- [Your goal]
Print the data below again in full, exactly as it stands, with no images.

==== Data shown

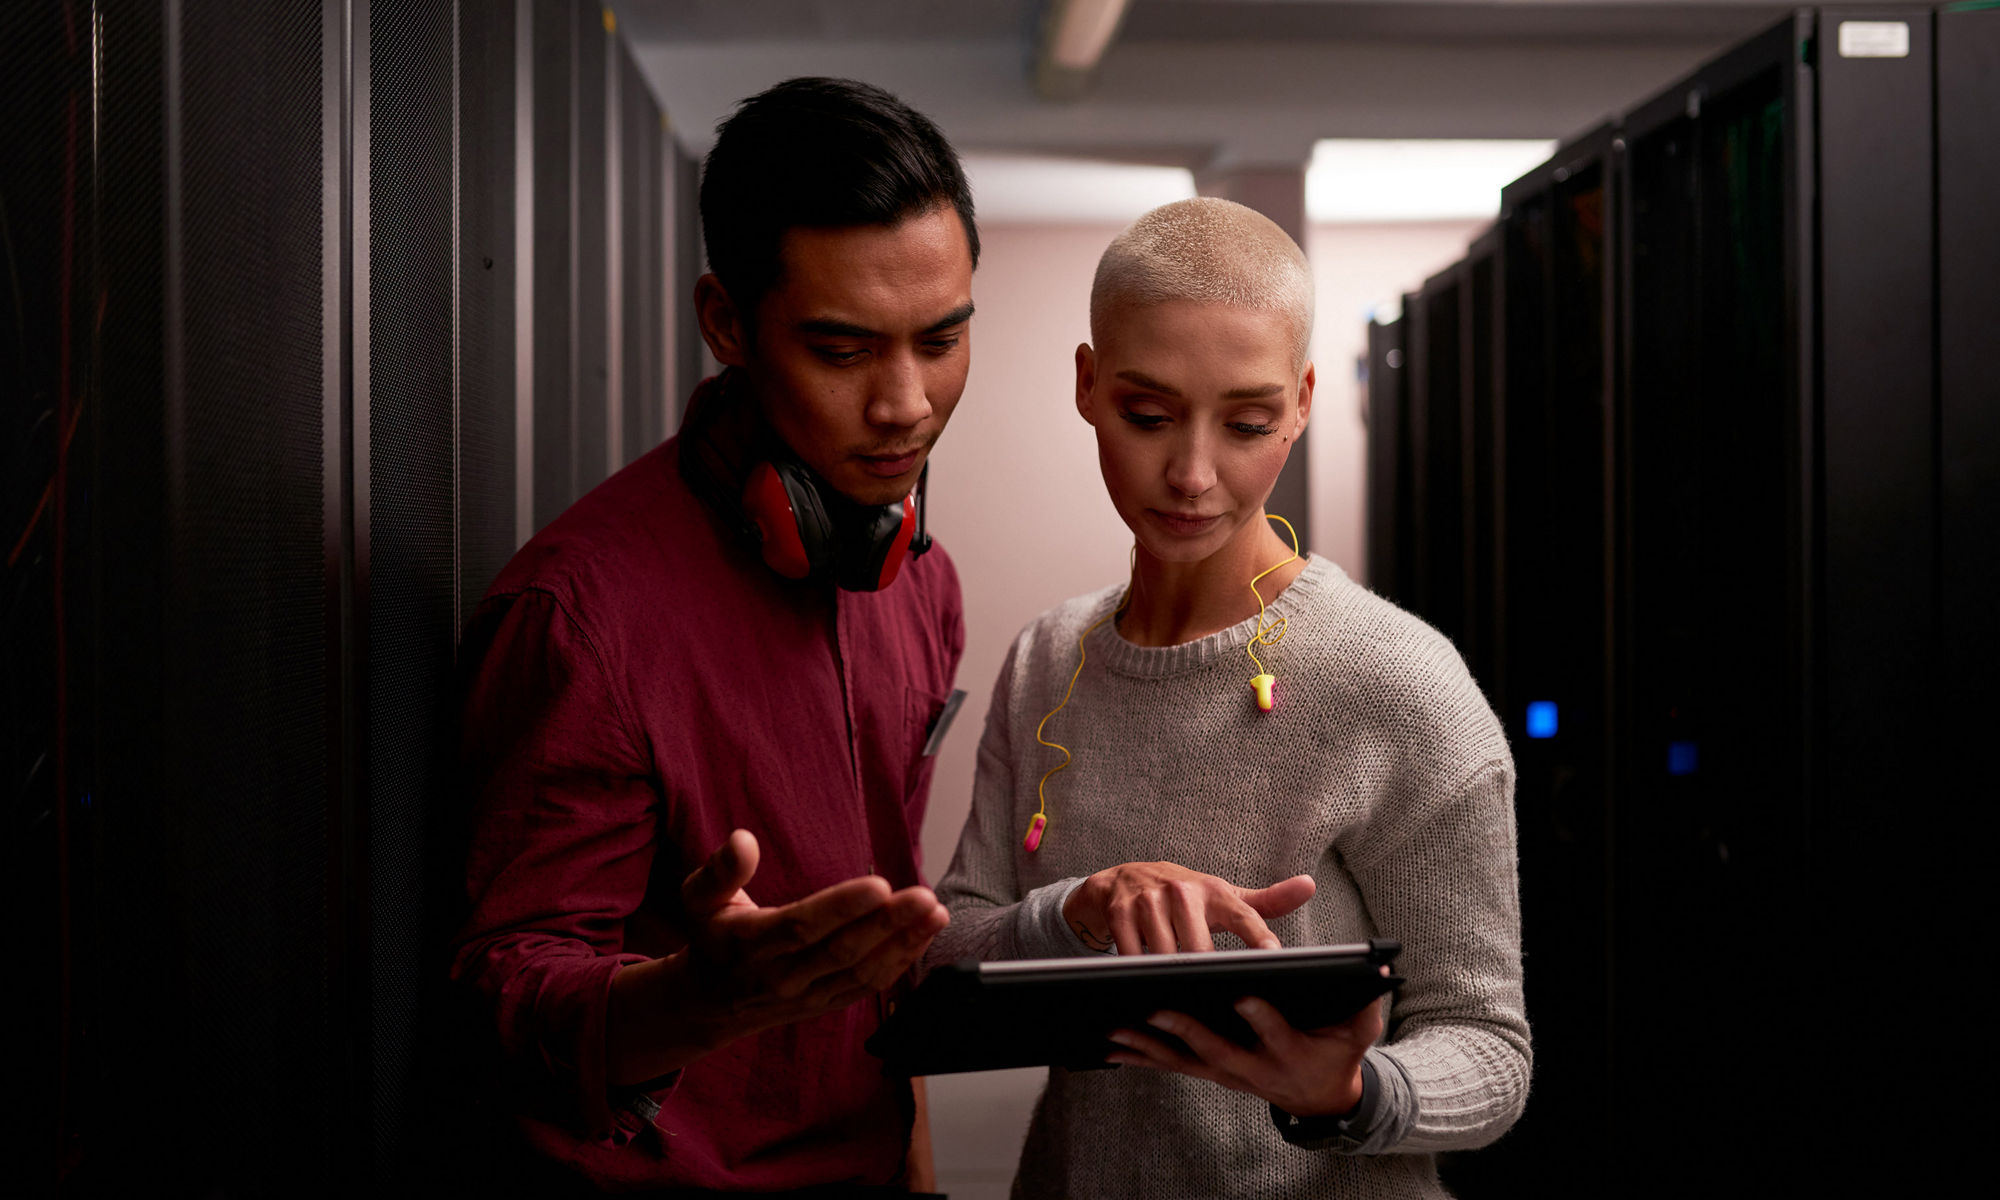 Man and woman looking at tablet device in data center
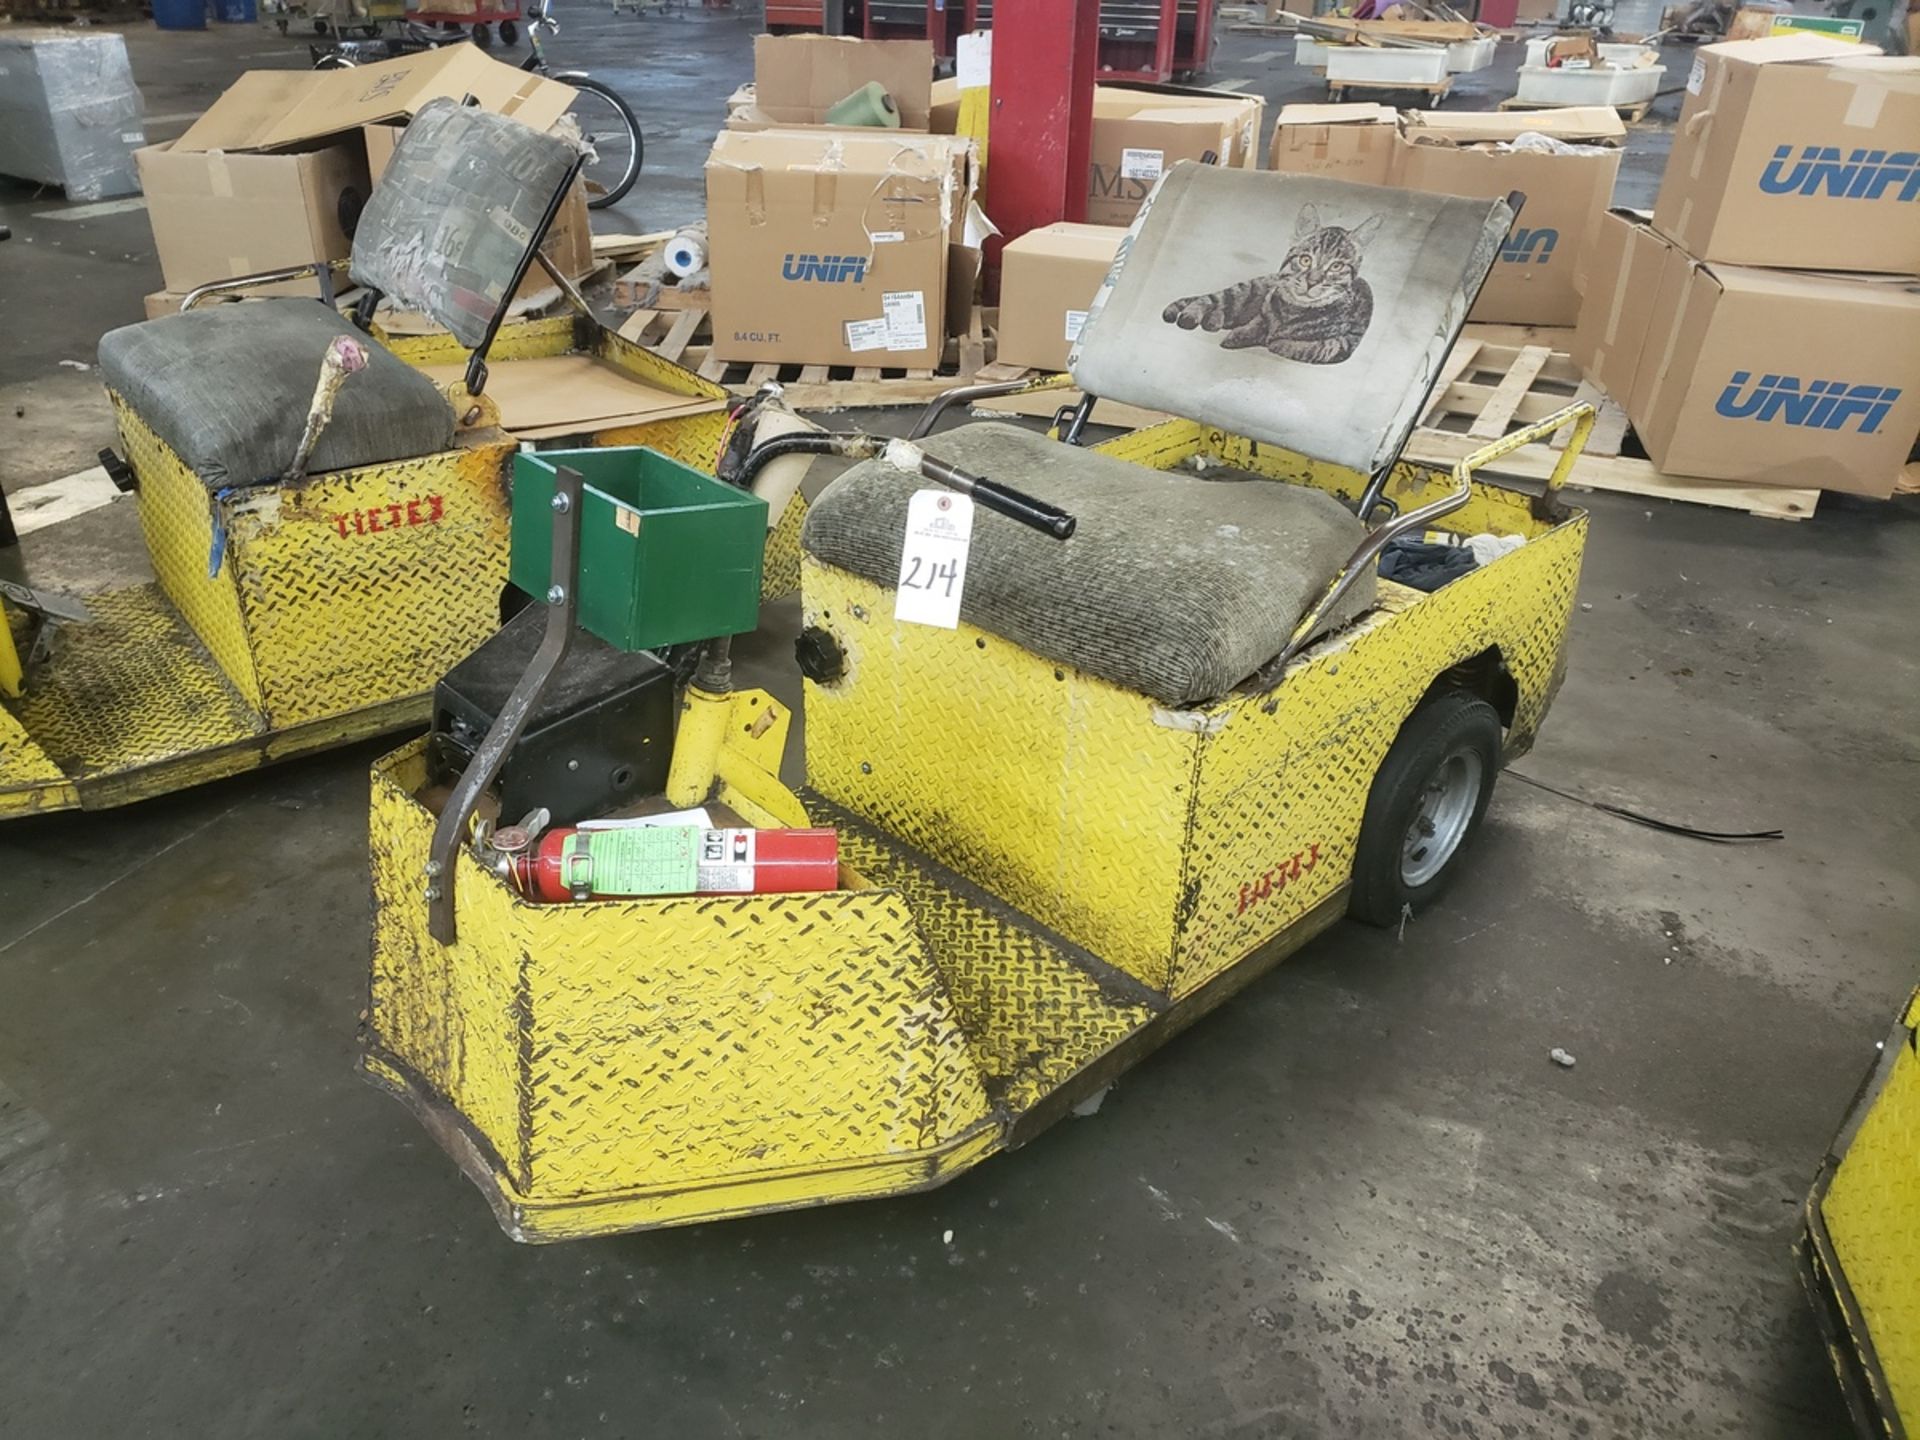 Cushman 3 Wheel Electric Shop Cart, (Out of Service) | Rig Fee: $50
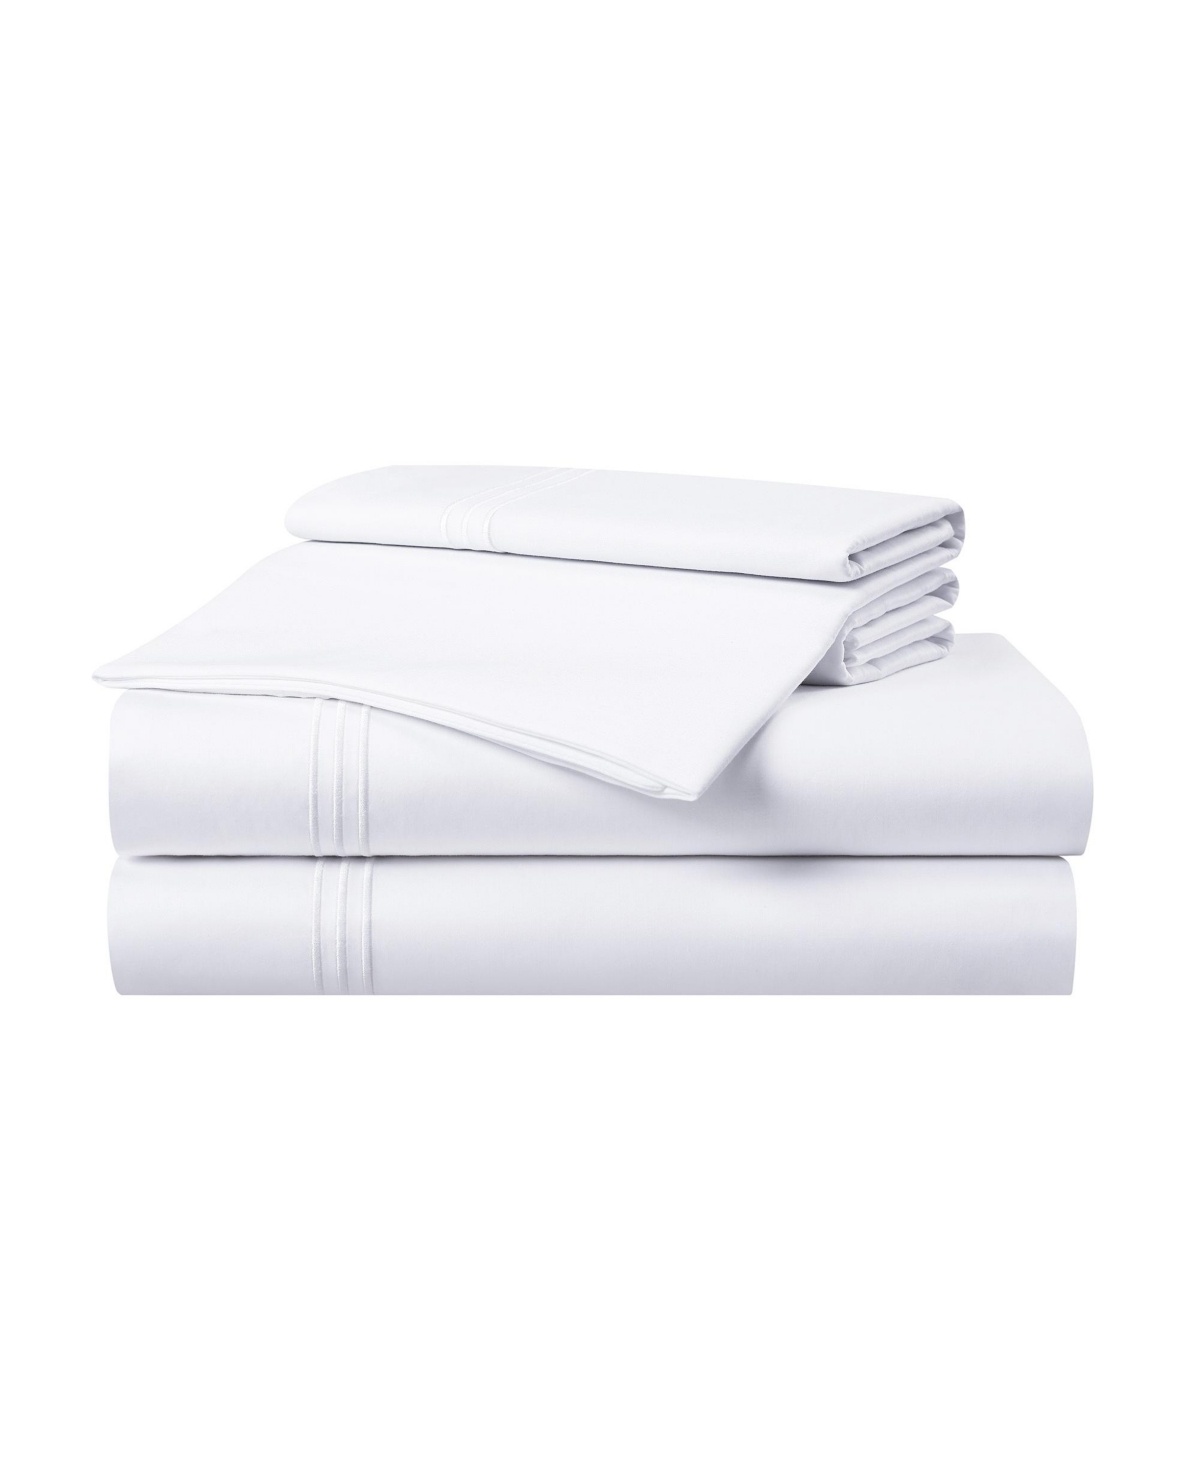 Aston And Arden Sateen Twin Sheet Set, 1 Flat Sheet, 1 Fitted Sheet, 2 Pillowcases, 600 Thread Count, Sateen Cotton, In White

========

- [Exercise result]
 Man and woman looking at tablet device in data center
 Cushman 3 Wheel Electric Shop Cart, (Out of Service) | Rig Fee: $50
 Aston And Arden Sateen Twin Sheet Set, 1 Flat Sheet, 1 Fitted Sheet, 2 Pillowcases, 600 Thread Count, Sateen Cotton, In White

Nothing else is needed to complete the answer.